Your reply should be the whole listing, copied exactly, with the pictures left out.

Input data:
***

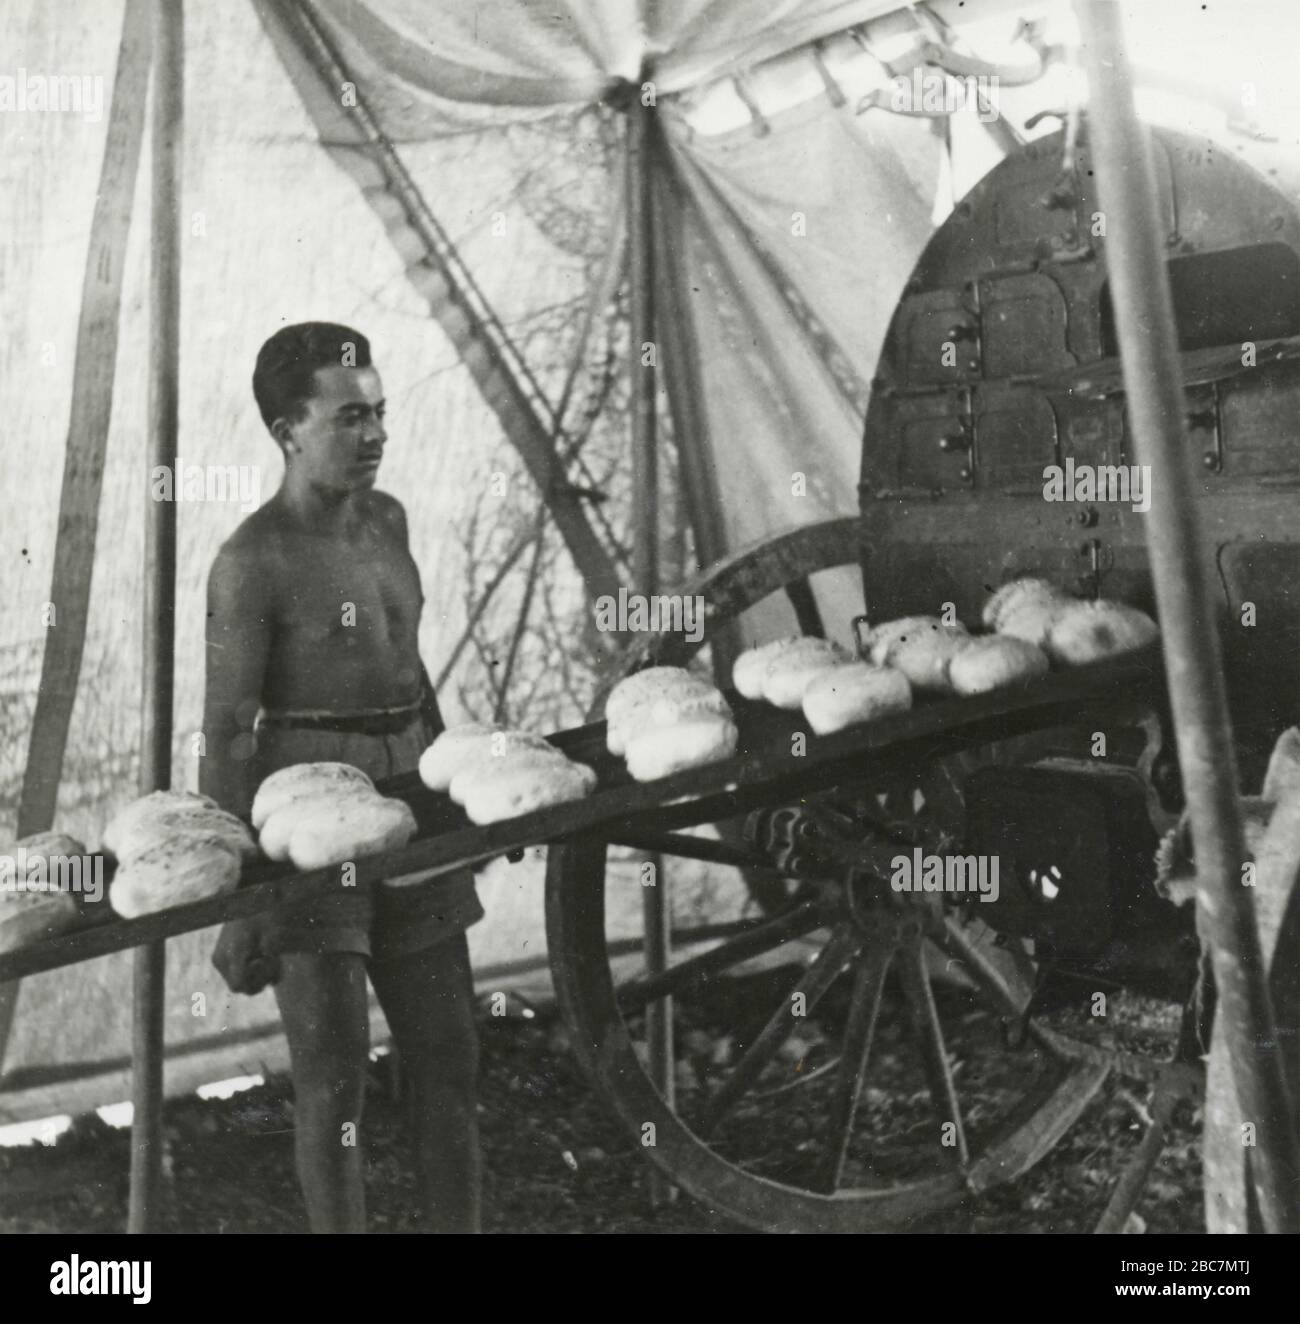 Pane di supporto militare dell'esercito reale italiano sul fronte di battaglia Libico, Tobruk, Libia 1941 Foto Stock
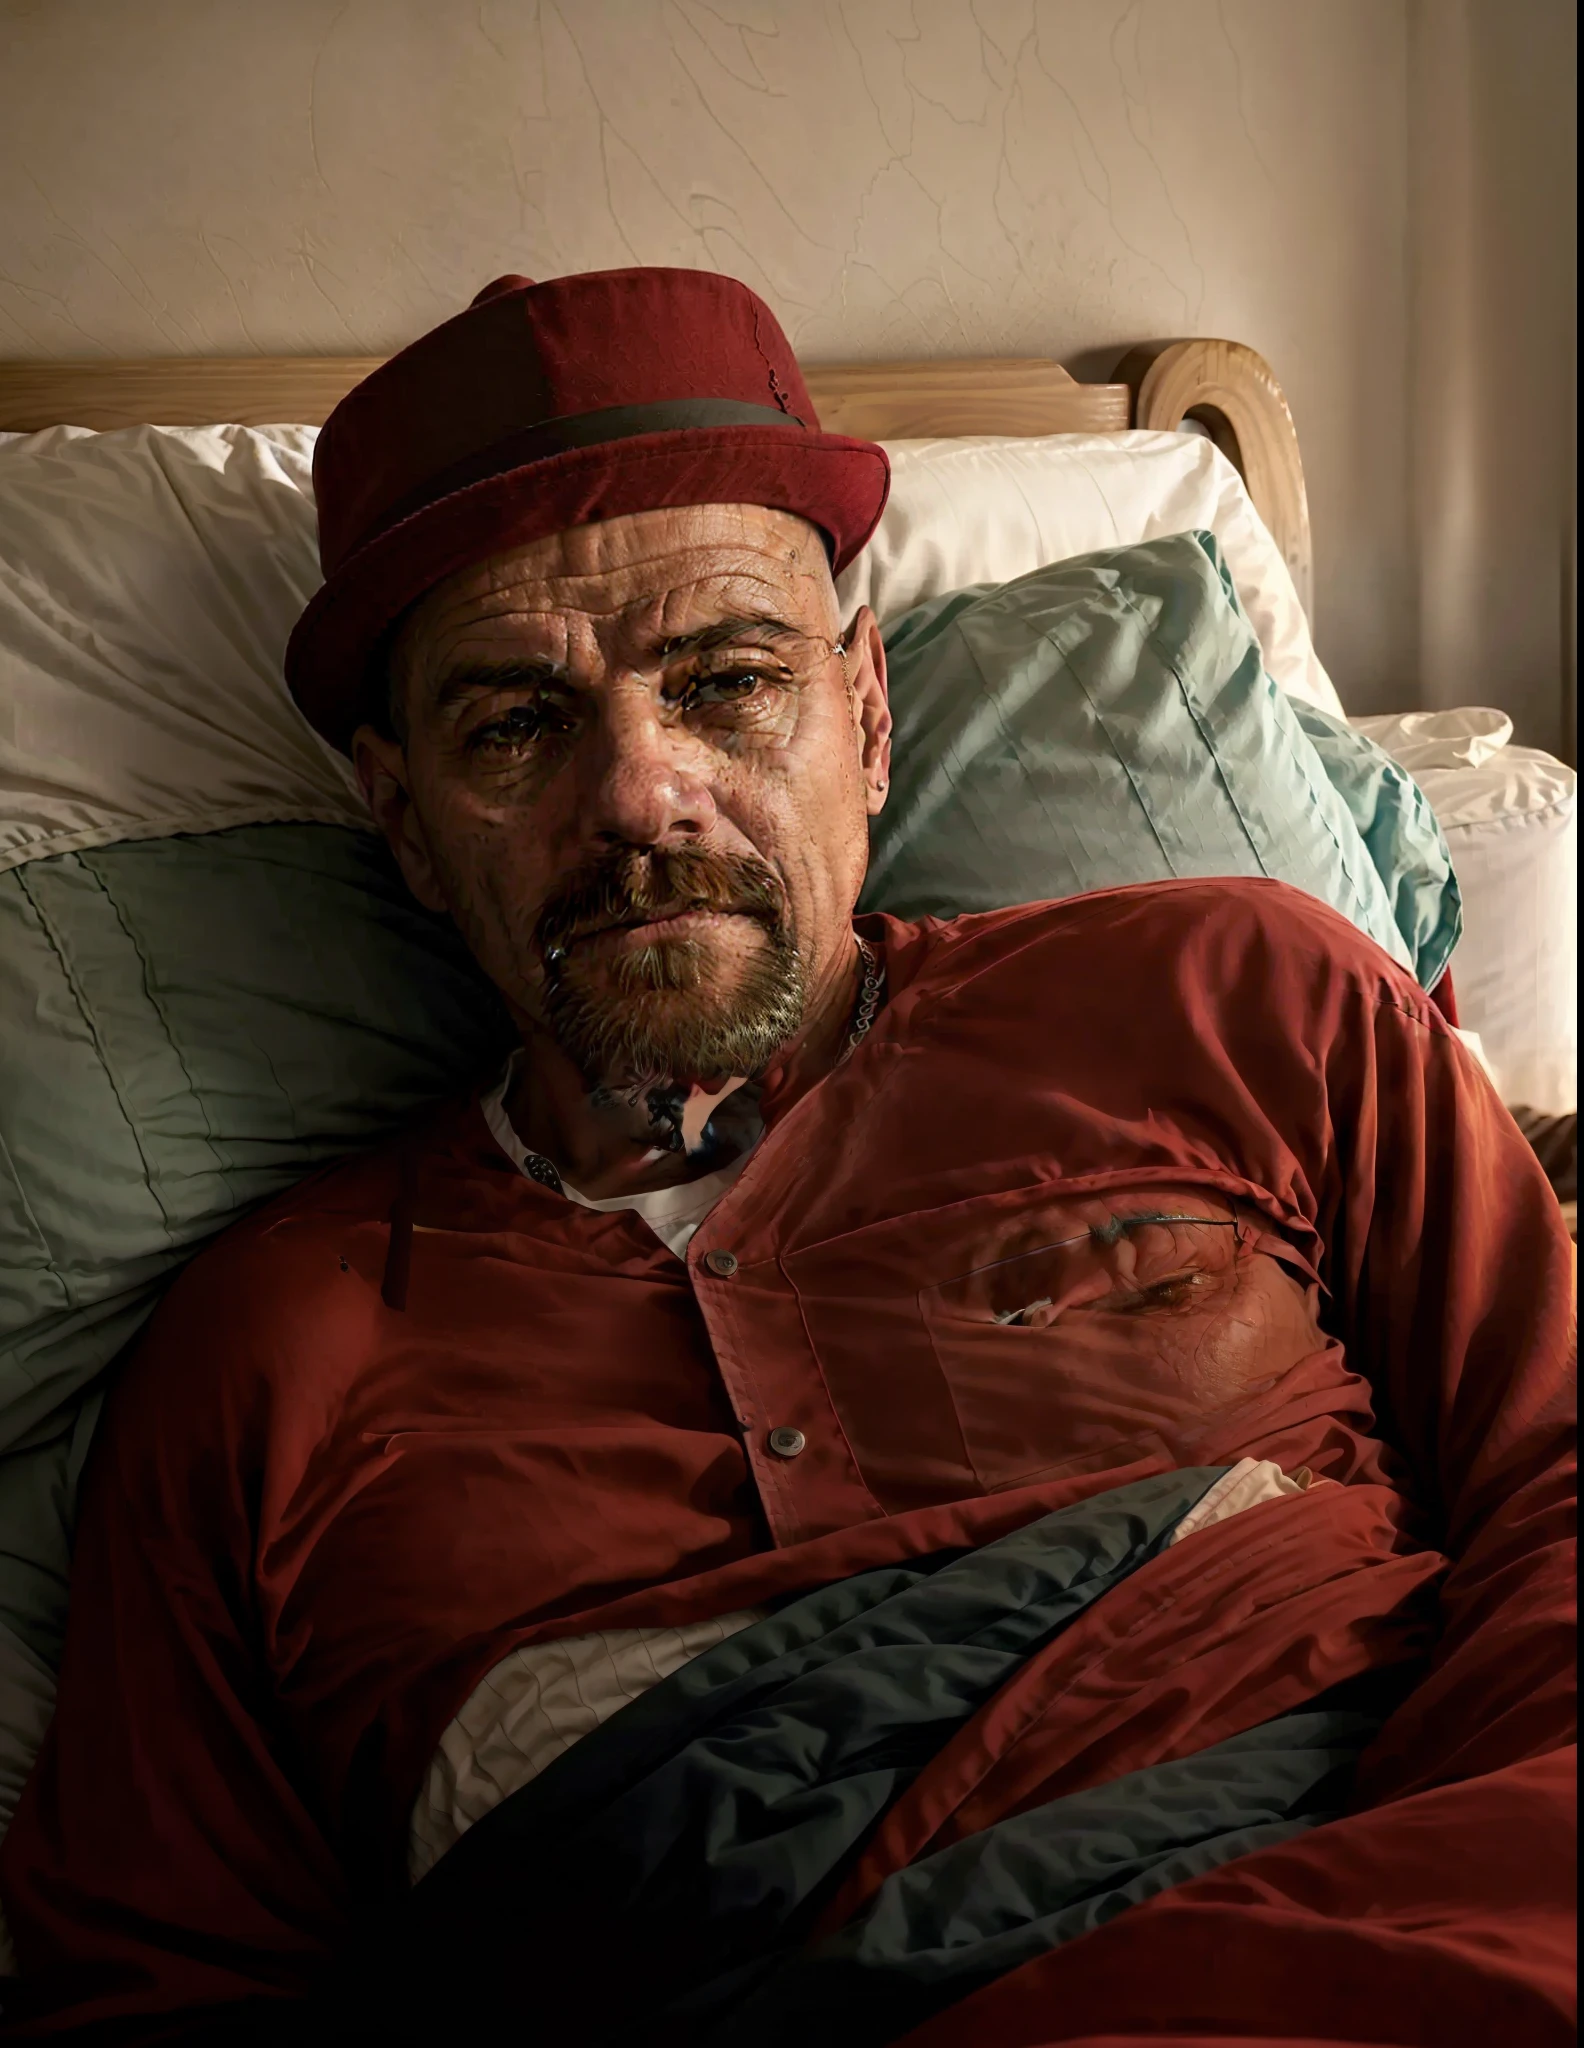 一名男子躺在床上，戴着一顶红帽子, 4 0岁男子, (38岁), 安德烈斯里奥斯, 罗纳尔多·路易斯·纳扎里奥·德利马, 大约3 5岁, 埃洛伊·莫拉莱斯, 5 0 岁男子, 写实照片, 45 岁男性, 维克多·马里斯坦, 卡梅洛·布兰迪诺
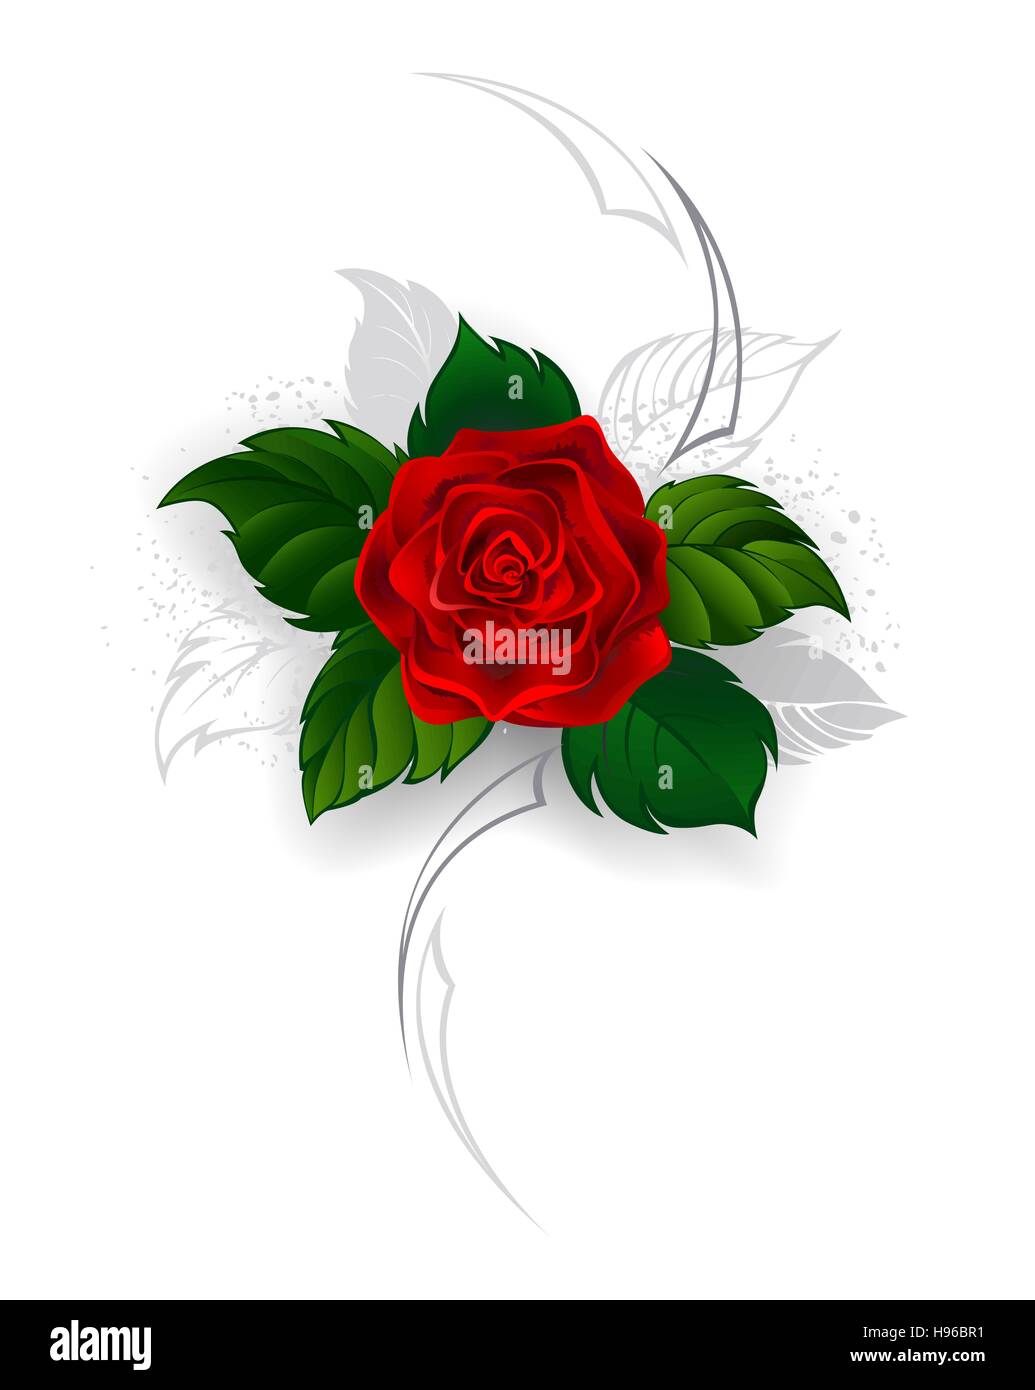 Peint artistiquement, blooming rose rouge avec des feuilles gris dans le style d'un tatouage sur un fond blanc. Illustration de Vecteur

***

Result:
 Pane di supporto militare dell'esercito reale italiano sul fronte di battaglia Libico, Tobruk, Libia 1941 Foto Stock
 一名男子躺在床上，戴着一顶红帽子, 4 0岁男子, (38岁), 安德烈斯里奥斯, 罗纳尔多·路易斯·纳扎里奥·德利马, 大约3 5岁, 埃洛伊·莫拉莱斯, 5 0 岁男子, 写实照片, 45 岁男性, 维克多·马里斯坦, 卡梅洛·布兰迪诺
 Peint artistiquement, blooming rose rouge avec des feuilles gris dans le style d'un tatouage sur un fond blanc. Illustration de Vecteur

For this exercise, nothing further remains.